Explore ways to restrict suggestions to a given knowledge area
Closed, ResolvedPublic

Description

Content translation provides users with suggestions of articles to translate. Based on user feedback, it would be useful to provide some general control about the knowledge area these suggestions are about (T113257).

Currently, the suggestion system provides either general suggestions or suggestions based on a given "seed article" used as an example to get similar suggestions.

As an initial step, this ticket tries to explore possible answers the following questions:

  • How to represent the wide knowledge areas(e.g., science, philosophy...)? (e.g., vital article structure, categories, ORES topic model, Wikidata, etc.)
  • How to use the current recommendation system or expand it to get suggestions on a selected area? (e.g., pick a random article from category and use as seed)

This ticket is focused on the technical exploration.
The mockups below are just illustrations of how this could be supported in Content translation:

Structured set of categories for user to pickSearch for specific categories (with a predefined initial set)
cx-dash-suggest-config-arts.png (963×1 px, 226 KB)
cx-dash-selected-suggestion.png (972×1 px, 178 KB)

Result

The recommended approach is to use a Wikidata query based on the instance of property (P31):

  • Topic areas will be compiled manually. A set of Wikidata elements will be manually selected to represent the topic areas (example). The selection may be based on main topic classifications or the list of (vital articles level 2). From there, items representing the topic areas such as Arts or Food will be extracted.
  • Query Wikidata for related articles. A Wikidata query (example) will find articles related to the selected topic area through the P31 property that can be translated (i.e., exist in source language but are missing in the target one).
  • Wikidata parameters for detemining relevance. For each item in the results, additional Wikidata parameters such as the number of languages in which the topic is available, and the number of properties are used as indicators of the relevance of the topic, showing them higher in the list of results.

A proof-of-concept was developed to try the approach. By default it shows articles related to a topic area, but the URL can be adjusted to check articles missing in a given language (example for Spanish)

image.png (892×994 px, 625 KB)

Design implications
When exploring UI options for adjusting the suggestions (T113257), the following considerations need to be taken into account:

  • Between 40 and 100 topic areas to support. Main topic classification provide 39 topic areas, while the vital articles provide 99 topic areas organized in 9 groups. The layout needs to account for this volume, making the groups more or less explicit (e.g., separate views for each group, groups in the same view, ordering in a flat list, etc.)
  • Only one topic area at a time. Wikidata query performance is heavily affected when there is more than one topic area selected. Thus, the selection will be presented as exclusive: only one topic area at a time.
  • Design for the wait. After selecting a topic area users may have to wait a few seconds. Thus, we may need to think on how to provide a waiting indicator, and potentially an option to cancel or avoid blocking the UI.
  • Design for empty results. The query may lead to empty results for some languages. We need to explore how to better communicate that there were no results, try to prevent it or provide alternatives.

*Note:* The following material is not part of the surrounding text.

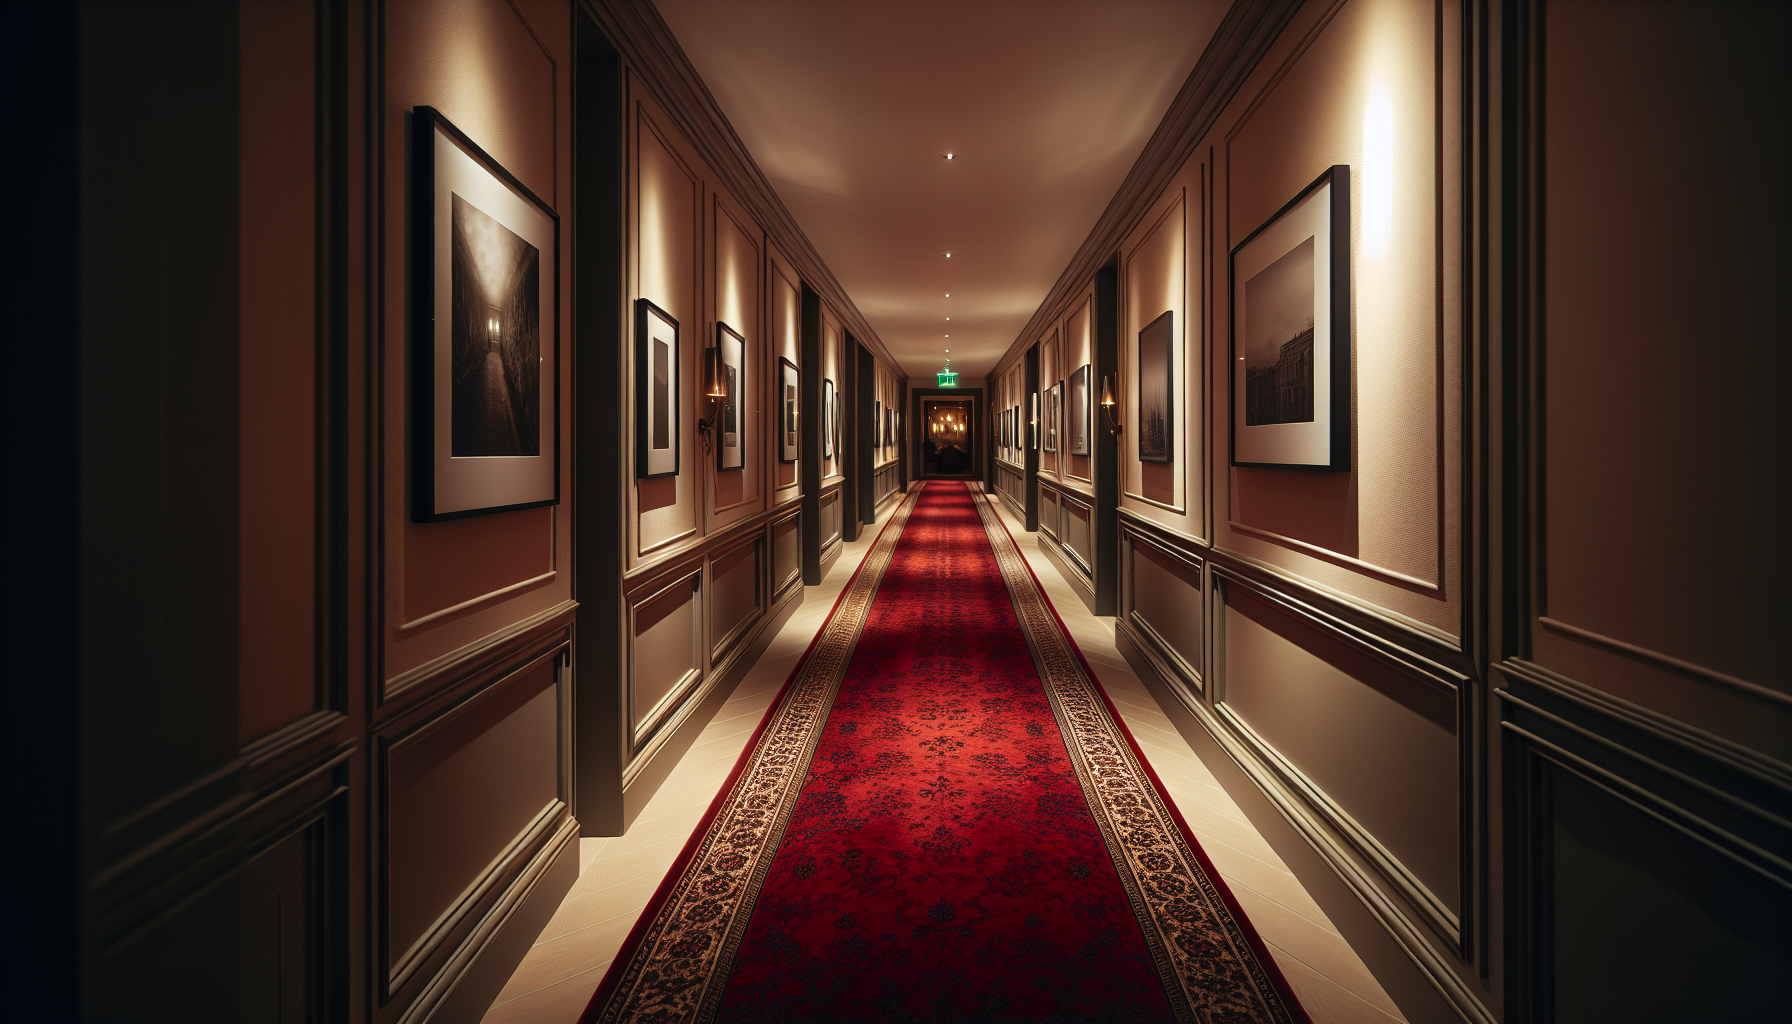 Hallway with a welcoming corridor created by a runner rug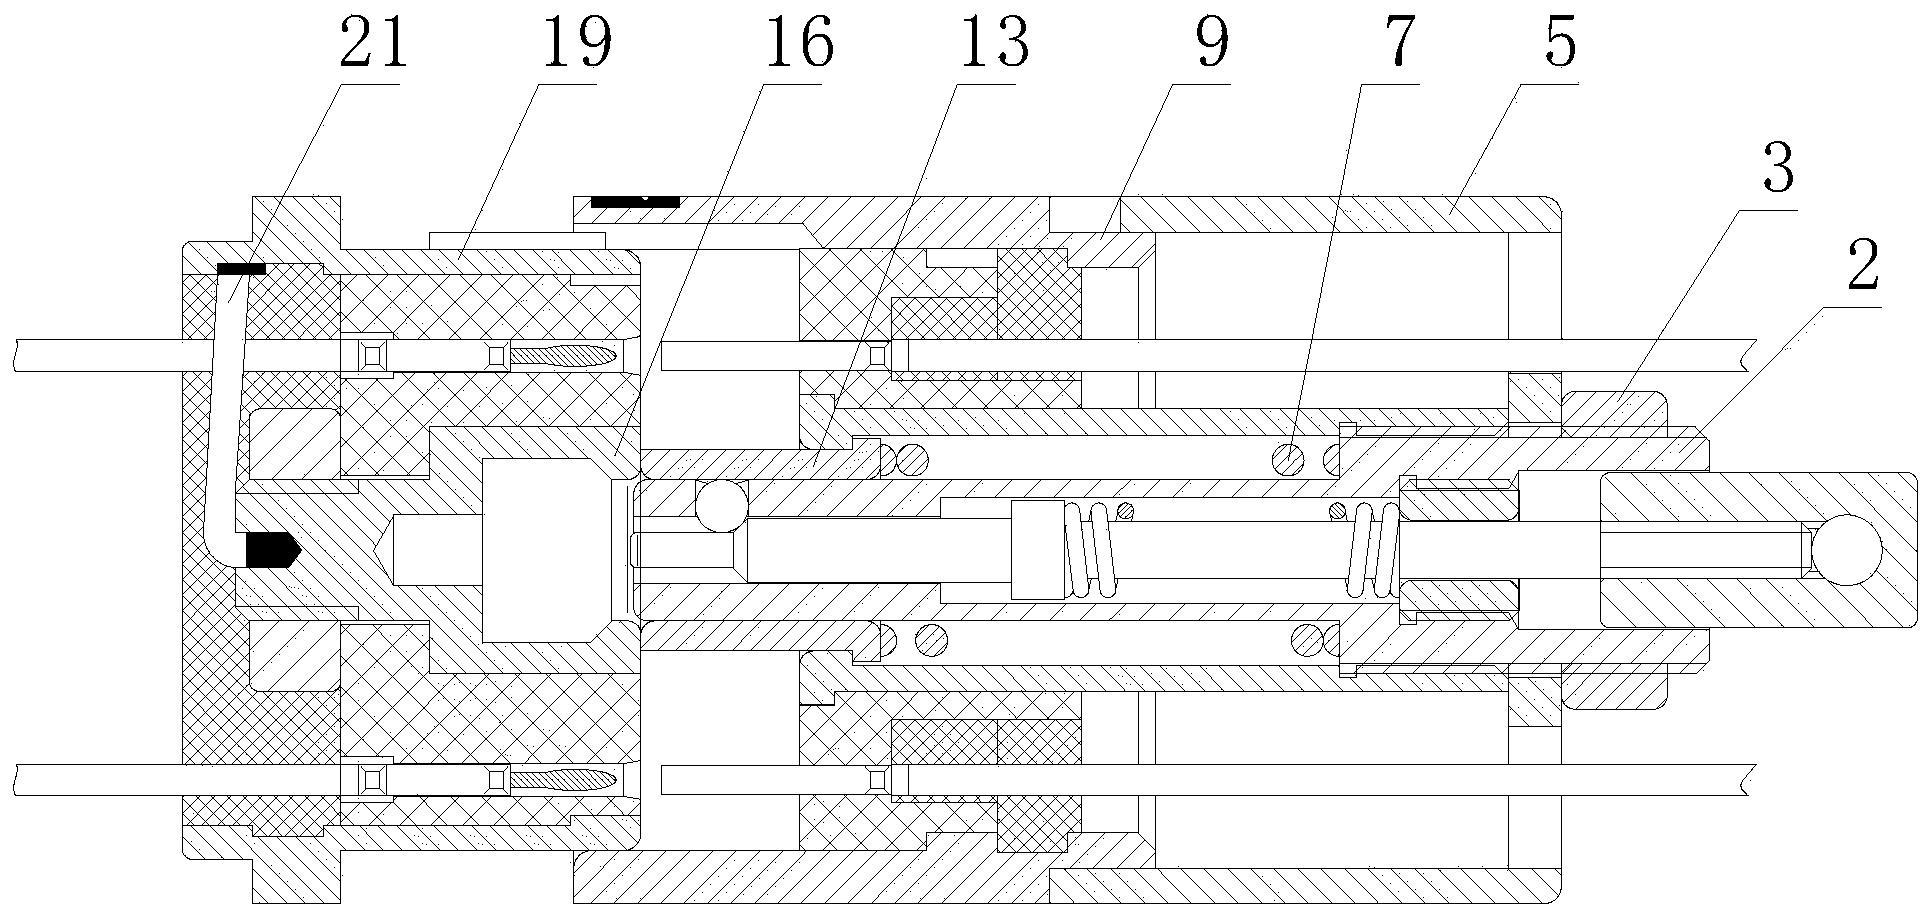 Separable electric connector capable of electrically connecting shells

Related and very relevant exploration and experiments from the Growth team: T231506#5487829

Event Timeline

Pginer-WMF updated the task description. (Show Details)
Pginer-WMF updated the task description. (Show Details)

About this:

How to represent the wide knowledge areas(e.g., science, philosophy...)?

I've been pushing for start a project on cross-lingual topic model, that allow us to make topic comparisons across languages. Unfortunately, this has been not prioritized for the current fiscal, although that we are receiving this requirement for multiple teams within the WMF.

However, I'll be happy to share some ideas of how to tackle this problem, although I wont have enough time to implement and test these solutions.

Another idea worth considering is for users to search/browse for their topic area using Categories. Then the system can pick 5 articles from that category and use them as seeds to get recommendations, remove duplicates and show in the suggestions.

MMiller_WMF subscribed.

The Growth team is investigating ways to approach this very challenge in T231506.

Updates:

I was exloring the Wikidata queries based on Property:P31 https://www.wikidata.org/wiki/Property:P31 and the subclasses. Here is a sample query https://w.wiki/9Cb - it tries to find all articles in a given wiki page with P31 or subclasses of P31 associated with.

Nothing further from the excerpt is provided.